Bonjourno my lovlies!
Well, it has been a while since updating the blog, and I have about ten minutes left on my internet connection so I am gonna hopefully whizz through it.
We left you in Lumbini which was a very drab border town. From here we got a very rickity jeep that took us through the border. Our passport checker was an old man on a table half way down this street, just after no mans land after Nepal - I kid you not. We didn't even get out of the jeep, Baroo took our passports, and this man didn't even bother checking us!
After the 'formalities' it was on the road for another two hours. There was a slight traffic jam at the border so we went the adventure route, which took us through different villages and VERY bumpy roads/dusty lanes, dodging chickens, dogs and cows. At one point we were bonnet to bonnet with another jeep because both of the drivers refused to move for the other one... that was interesting! The locals all came over and were staring into the jeep.
We finally got to the train station, after hundreds of stares from the residents of the small town. The odd stare I don't mind, but it is getting slightly beyond a joke - yesterday on the train a guy was 'slyly' taking photos of me and Marjolein whilst waiting to get off, I was getting so mad, but it's something I have to get used to here. People are obsessed with our white skin (which is very slowly getting tanned) and therefore they stare when they see us.
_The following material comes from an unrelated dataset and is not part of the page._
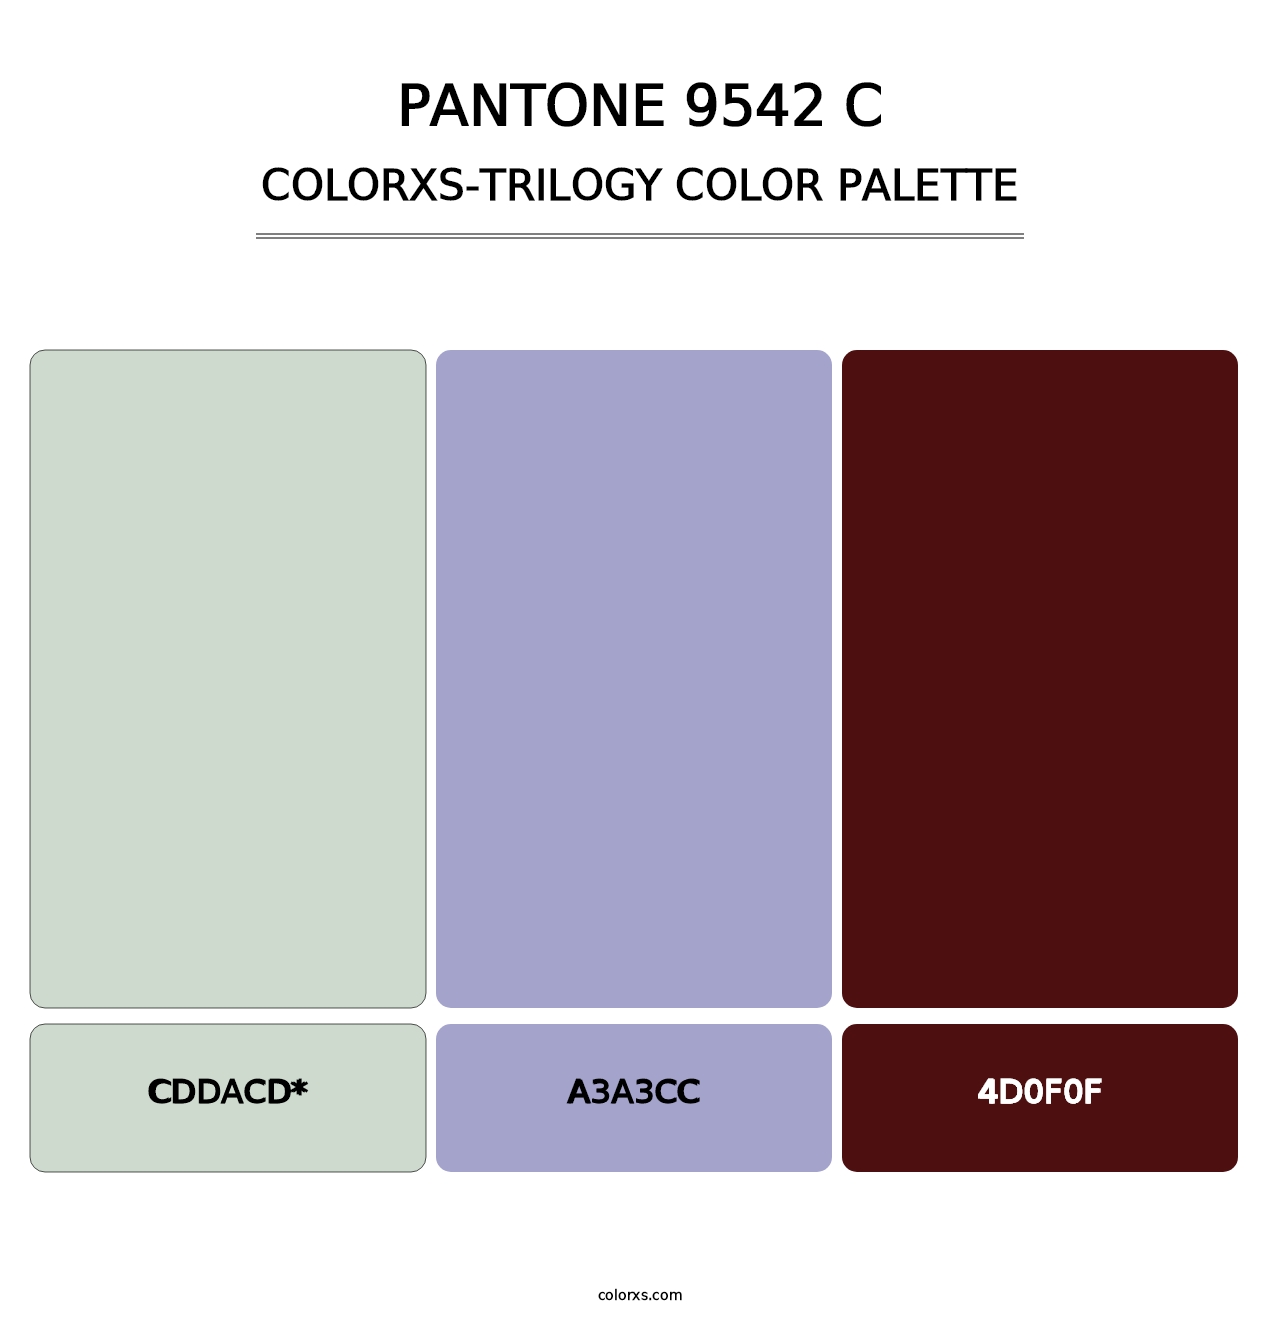 PANTONE 9542 C - Colorxs Trilogy Palette

An old woman tried touching my hand today whilst walking into a shop- I've never felt so famous before! Ha!
Anyway, back to the story. From the train station we jumped on a train to Varanasi, which claims to be the oldest city in the world. It was certainly old, with a lot of Ghats, from what I rememebr I think there were over 80. We booked into our hotel, where Chris and I had a very large room, it was practically a suite! Then we took a stroll around the markets and the Ganges, trying to ignore the stares and hawkers. We grabbed some lunch and watched the cricket game on the side of the ganges (Chris really enjoyed this bit, I just took a lot of photos of everyone around me).
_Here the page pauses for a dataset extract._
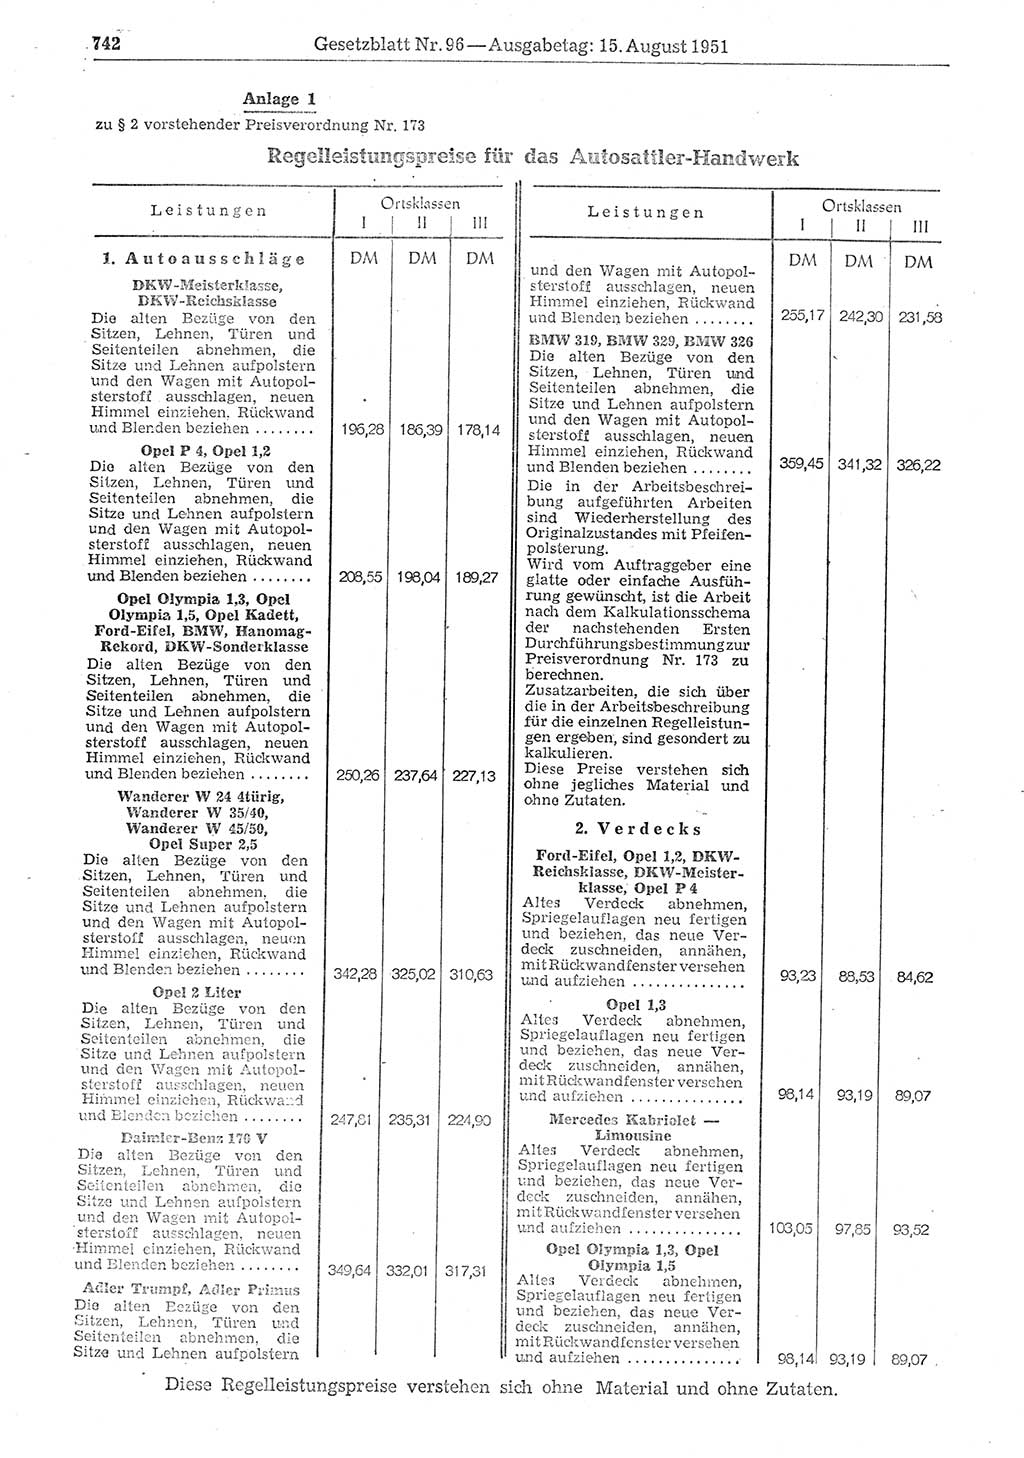 Gesetzblatt (GBl.) der Deutschen Demokratischen Republik (DDR) 1951, Seite 742 (GBl. DDR 1951, S. 742)

In the evening we had a lovely boat ride along the ganges with musicians and a tour guide. The Ganges has over 1.5 million bacteria in it, and the safe amount is 500 to bathe in... you can only imagine whow disgusting the colour is, and the smells that come from it! At one point we saw people bathing in it, next to a bloated dead water buffalo! The river is sacred, therefore they will wash in it no matter what.
We also watched a cremation happen here, which happens 24/7, because hindus (and infact a lot of other religions) come to burn their dead here as it is so sacred. It was certainly interesting to watch.
On the river we also watched a hindu ceremony which was very interesting, loud and colourful. We took a sunrise trip around the ganges the next morning which was beautiful, and we also saw laughing yoga! Whilst in Varanasi we also had an indian Mcdonalds, which was actually quite tasty!
From here we got on a sleeper train and arrived in Orchha the next morning.
Orchha was much quieter than the other town we have visited. It has 6 palaces, and we visited one that took 22 years to build and was used for one night! The detail was beautiful, I can't believe that it was used for just one day! We also visited a hindu temple and saw a cermony there which was really good to watch. We also took a cooking class and I've had henna done on my arm which I love!
Which finally takes us to Agra where we currently are. We got up very early to see the beautiful Taj Mahal, Pictures do not do this building justice, it is fantastic! I took far too many photos here! I love the love story behind the building as well- it adds to its magic! Afterwards we visited the fort and a carpet makers- which surprisingly was really good!
Jumping on a train to Jaipur tonight and having two days there, which is exciting to stay in a place for more than a day! I can't believe its nearly been two weeks!
Love to you all, and keep me updated with the goss!